STUDIO BRIEF: 3 TRIPTYCH


Brief
“Triptych - a picture or relief carving on three panels, typically hinged together vertically”

Produce one third of a weekly trio of poster designs submitted by the third year Graphic Design students. The trio are selected in association with their individual style of practice, to be appreciated together. No specific concept is needed for this brief, which means no boundaries when creating. The design must be suitable for an A1 poster, to be seen along side the works of Beth Taylor and Ros Halford.

Background/Considerations
Create a design that can be suited to the other two designers.

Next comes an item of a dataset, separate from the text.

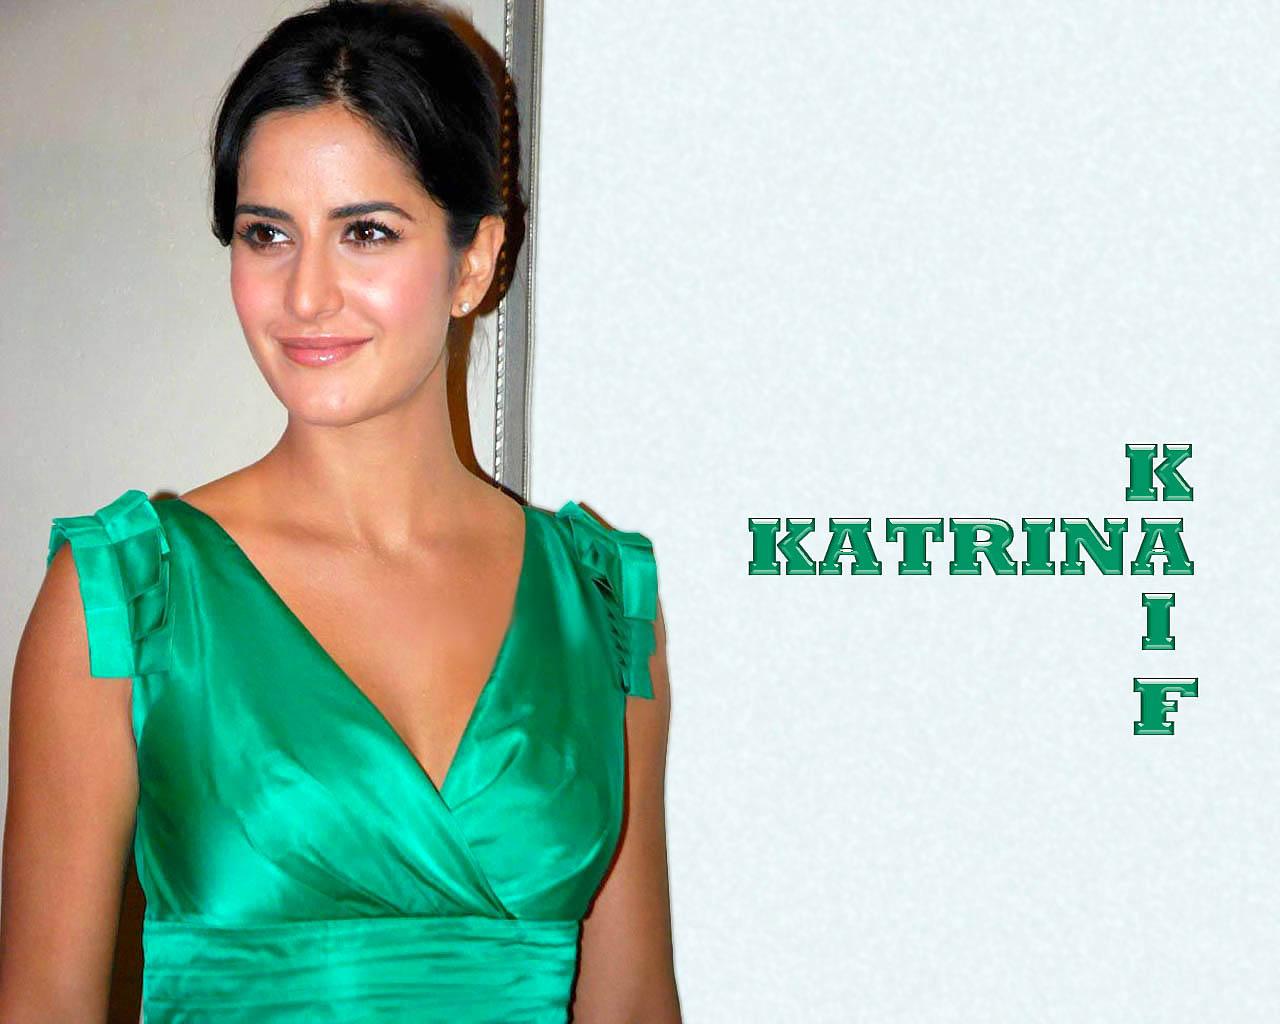 Katrina in green dress | Katrina Kaif | Pinterest | Dresses, Green ...

Take an interest and develop this in to my poster in order to create something more decorative rather than functional

Discussion with the both Beth and Ros in order for our designs to have a connection, with this either being colour palette or theme.

Mandatory Requirements
On-going research, experiments and decision making must be documented on my blog.
Design boards examining design changes and decisions.


Deliverables
A1 file ready to be printed as a poster.

Poster design that works as one third of a trio.


Poster that could potentially be extended into a separate brief.



Initial ideas
The use of watercolour and how the paint is applied to different paper stocks creates an interesting texture, as the poster design will be flat it could be interesting to play with different medias and how they can be applied to paper. Looking at illustration as a starting point and looking into how soft images can be paired with linear designs; research into anatomical illustrations of bone studies is also shown on the design practice blog. Having the idea to combine the concepts of natural forms together was the starting point. 

This brief was set by one of my peers; three individuals chosen weekly based on their creative styles are asked to create a design suitable for an A1 poster, the design being anything we choose. In my group, I was chosen to work along side of Ros and Beth, as we all create designs which originate from a hand rendered style of design. 


Theme/concept
Ros, Beth and I discussed what we wanted to create for our poster, they suggested creating something humorous as we could create anything we wanted, however I wanted to experiment with a different style as opposed to what I usually create. Our poster designs will still include that hand rendered element which will allow the pieces of work to compliment each other, hand rendered style design is much more appropriate for my style of design. 

Beth asked Ros and I for a colour swatch, so that she could incorporate a colour from each  of our designs which we all thought would work nicely once the designs are printed at a large scale. 

For my triptych poster design I wanted to use mixed media, watercolour often appears in my work so I wanted to play around with the contrast of soft, floral watercolours with the harsh lines created on the computer; combining two different styles of design. With the concept for the poster not needing to be explained, I wanted to create an illustrative piece which I don't usually experiment with. 


The poster is to seen as one of three next to each other, as a decorative piece.


The posters are to be displayed in uni in A1 size frames as a weekly exhibition.

Thursday 25 February 2016

Photography publication layout and visual research

In order to begin designing the publication, I have looked at various styles of photography publications and editorial magazines. All of which are inspiring for this brief, they show different variation and applications of text and image, which show how different aesthetics can be achieved; minimal type allows the photography to be the focal point on a page, which is something that I need to consider when designing my showcase book as the photography alone is the content and it needs to speak for itself.  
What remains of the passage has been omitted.